Washington, D.C.’s Industry Gallery is premiering four prototypes from a news series of concrete furniture by Dutch designer Tejo Remy, a founding designer at Droog, and René Veenhuizen, his design partner of the past decade. The occasion is Hands On, the first solo U.S. exhibition for Atelier Remy & Veenhuizen. Opening on March 20 (6 to 8 p.m.) and running through May 8, the exhibition focuses on the work, largely unknown in the U.S., produced by the designers during the past decade; it will feature a dozen items created from concrete, bamboo, tennis balls, Accoya and old woolen blankets. 
 
The exhibition introduces four prototypes – two chairs, a bench and a stool – for a series of furniture that appears to be made of inflated fabric, but actually is made from poured concrete.  Remy and Veenhuizen cast each prototype as a single piece in individual molds created from waterproof PVC or plastic sheeting. Once assembled, the molds are placed upside down and concrete is poured into the feet. The legs are steel reinforced and the concrete itself contains small metal fibers that add stability. Within two days. the works are solid enough for the mold to be cut off; and, within two weeks, the furniture is completely dry.
 
The concrete furniture prototypes stem from the designers’ aesthetic that advocates using mundane material.

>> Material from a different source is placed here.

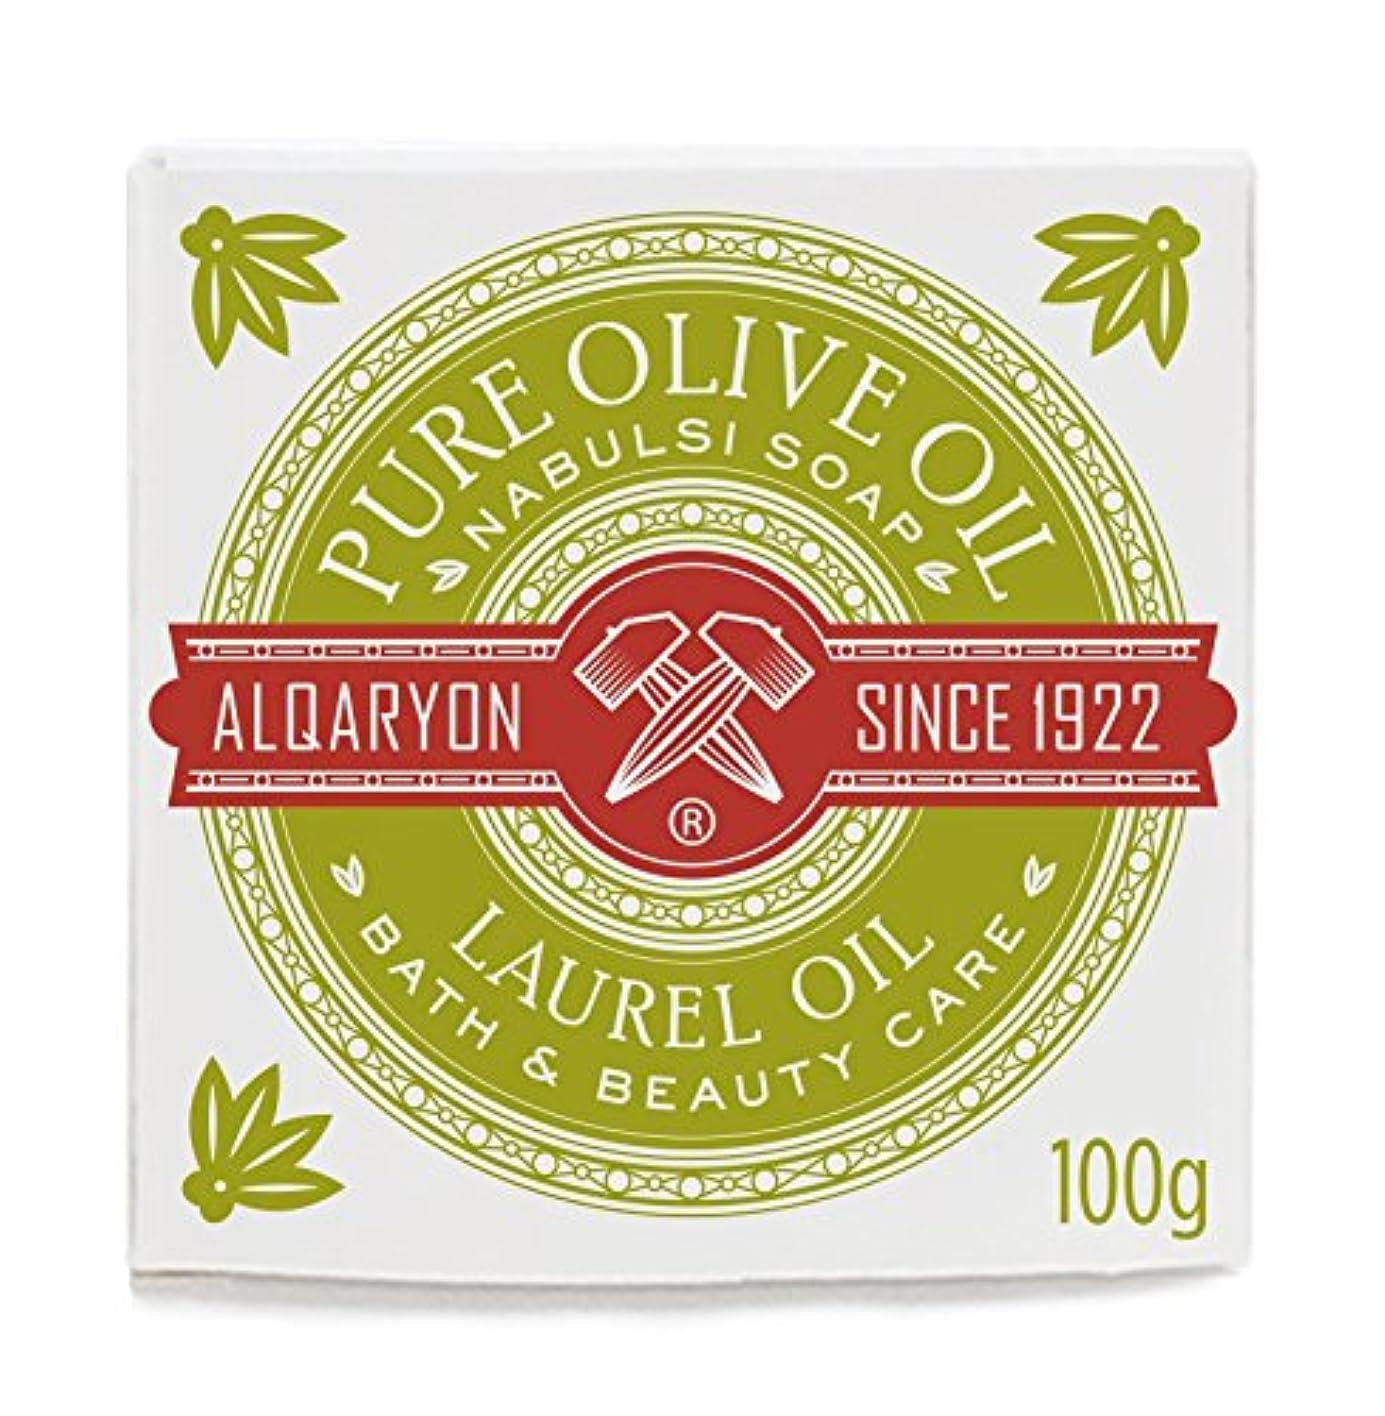 できる軍隊作物Alqaryon Laurel Oil & Olive Oil Bar Soap Pack of 4 - AlqaryonのローレルオイルI&オリーブオイル ソープ、バス & ビューティー ケア、100gの石鹸4個のパック

The new works follow a lineage established in 1991 when Tejo Remy created Rag Chair, Chest of Drawers (You Can’t Lay Down Your Memories), and Milk Bottle Lamp, which reused and repurposed basic, discarded and underappreciated materials.  Those three works, staples at Droog since 1993, are included in major public and private international collections.
 
“We wanted to create landscape elements that were tactile and soft, even though they were made from concrete, says Veenhuizen. “The original idea was to work with big rubber molds to create a soft appearance.” Adds Remy, “We reduced the size of the works to make them more manageable. Then, as we experimented with the concrete, we became interested in the amount of pressure the concrete put on the molds, and how the end result made that pressure permanently visible.”
 
“These new prototypes reflect the ingenuity, curiosity and inventive use of materials that are hallmarks of Tejo and René’s design ethos,” says Industry Gallery owner Craig Appelbaum.